Losing a parent can fracture even the closest families, especially when grief is expressed through anger. In this situation shared on a social network, a young man describes how the week surrounding his mother’s death permanently altered his relationship with his older sister. What makes the story more complicated is that her behavior occurred during a time when everyone was emotionally raw and vulnerable.

As responsibilities piled up around funeral planning, tensions escalated instead of easing. The poster explains that while he understood grief affects everyone differently, the words and actions directed at him crossed a line he could not simply forget. Now, months later, he has chosen distance over confrontation, a decision that has sparked criticism from another sibling. The situation raises difficult questions about forgiveness, accountability, and whether time alone is enough to heal wounds created during moments of intense loss.

‘AITAH for distancing myself from my sister because of how she behaved after our mothers death?’

The family was already struggling when their mother passed away unexpectedly last summer.

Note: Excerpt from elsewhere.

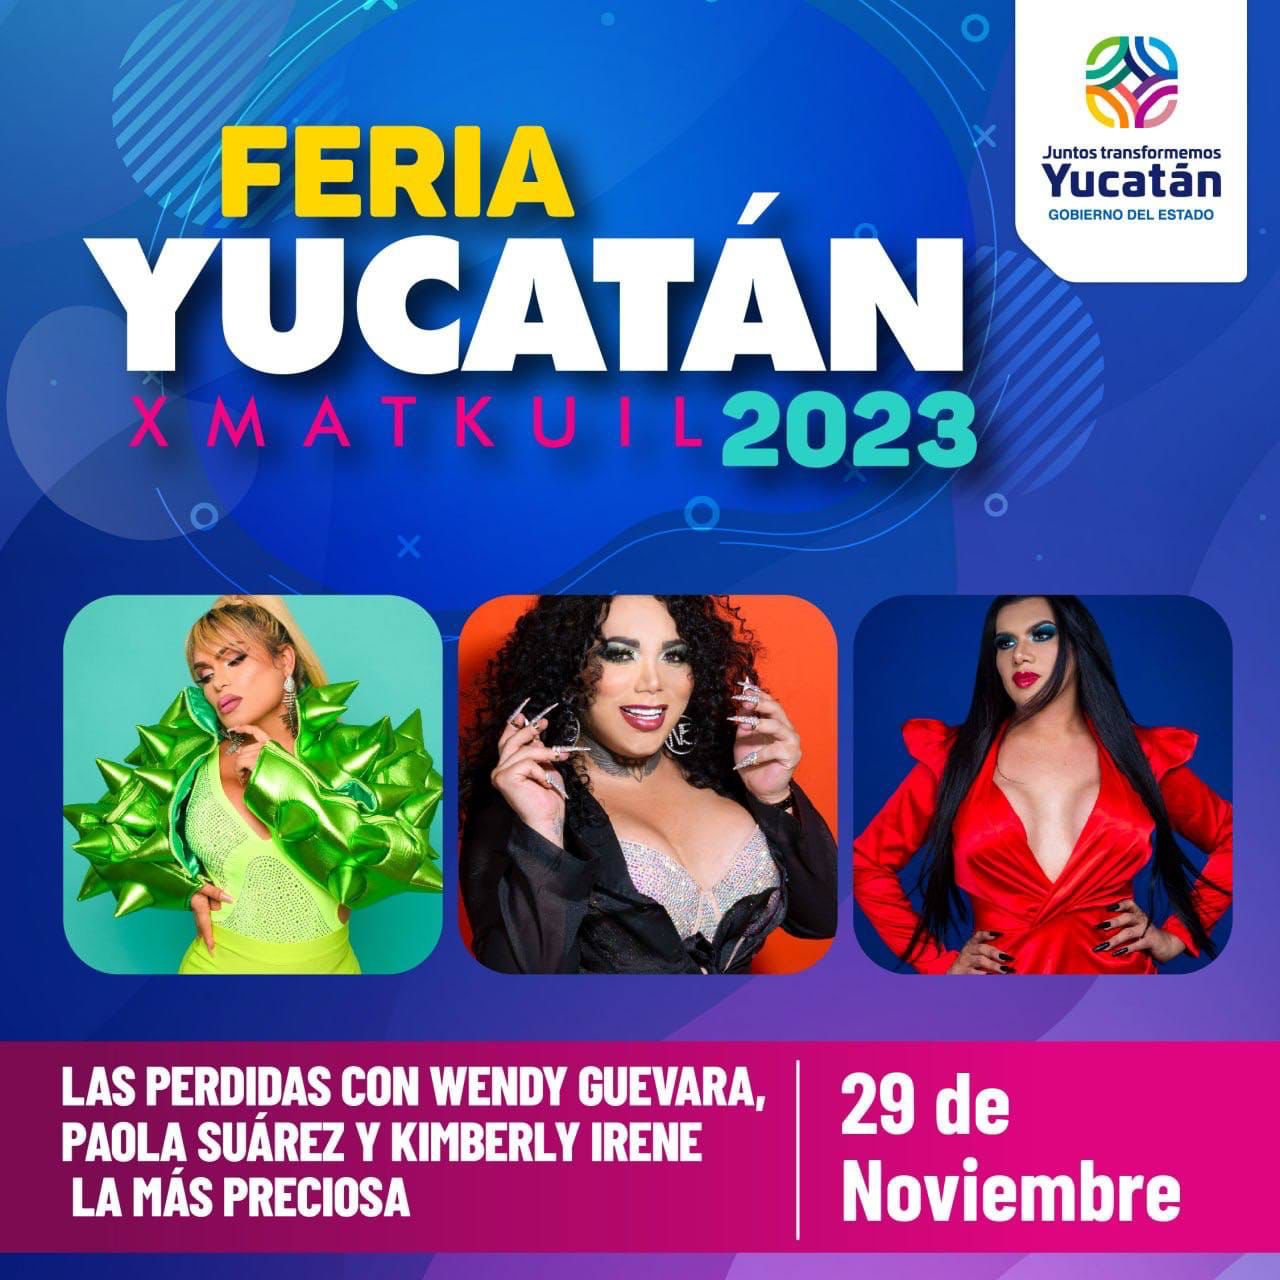 Feria Yucatán Xmatkuil 2023 fiesta y alegría para toda la familia

My parents had four kids counting me (24M) Theres also my older sister (31F) and my younger brother and sister (22M and 20F) Our mother died suddenly last summer,

and my older sister ended up being the one planning the funeral and such, we all offered to help but everytime we did we got screamed at. She screamed at...

As the funeral approached, the older sister’s anger became increasingly personal and unpredictable.

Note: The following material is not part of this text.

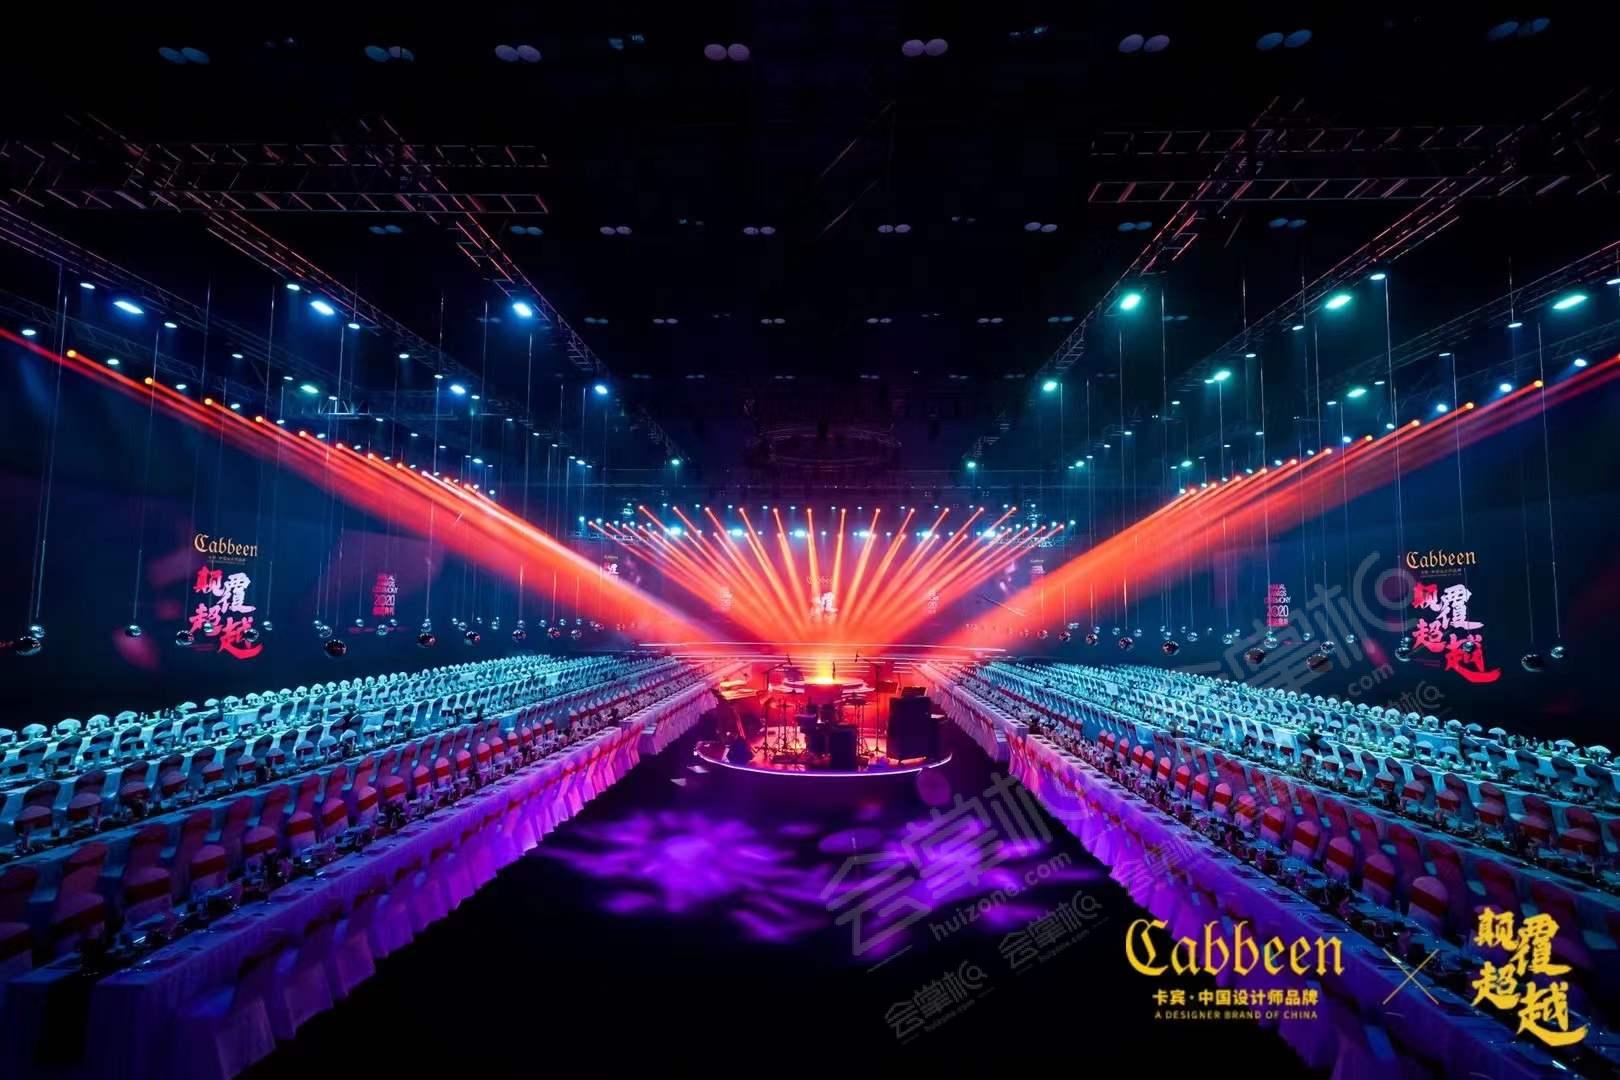 超越颠覆CABBEEN卡宾中国设计师品牌之夜

She also screamed at me for not offering help (After she already screamed at me for offering) crying before the funeral, crying during the funeral, not crying before and after...

She wasn't just yelling either, she got personal, saying stuff like "Our dad would be ashamed of you, the oldest son and you're too pathetic to help out."

She'd knock stuff over then b__ch at me to pick it up, I'd try and order food, she'd say she wanted nothing, then yell when I got her nothing.

Basically, she took every chance she could to s__t on me for no reason. I get everyone grieves differently, but I never got an apology, she pretends like it never...

Months later, unresolved hurt led the poster to quietly create distance from her.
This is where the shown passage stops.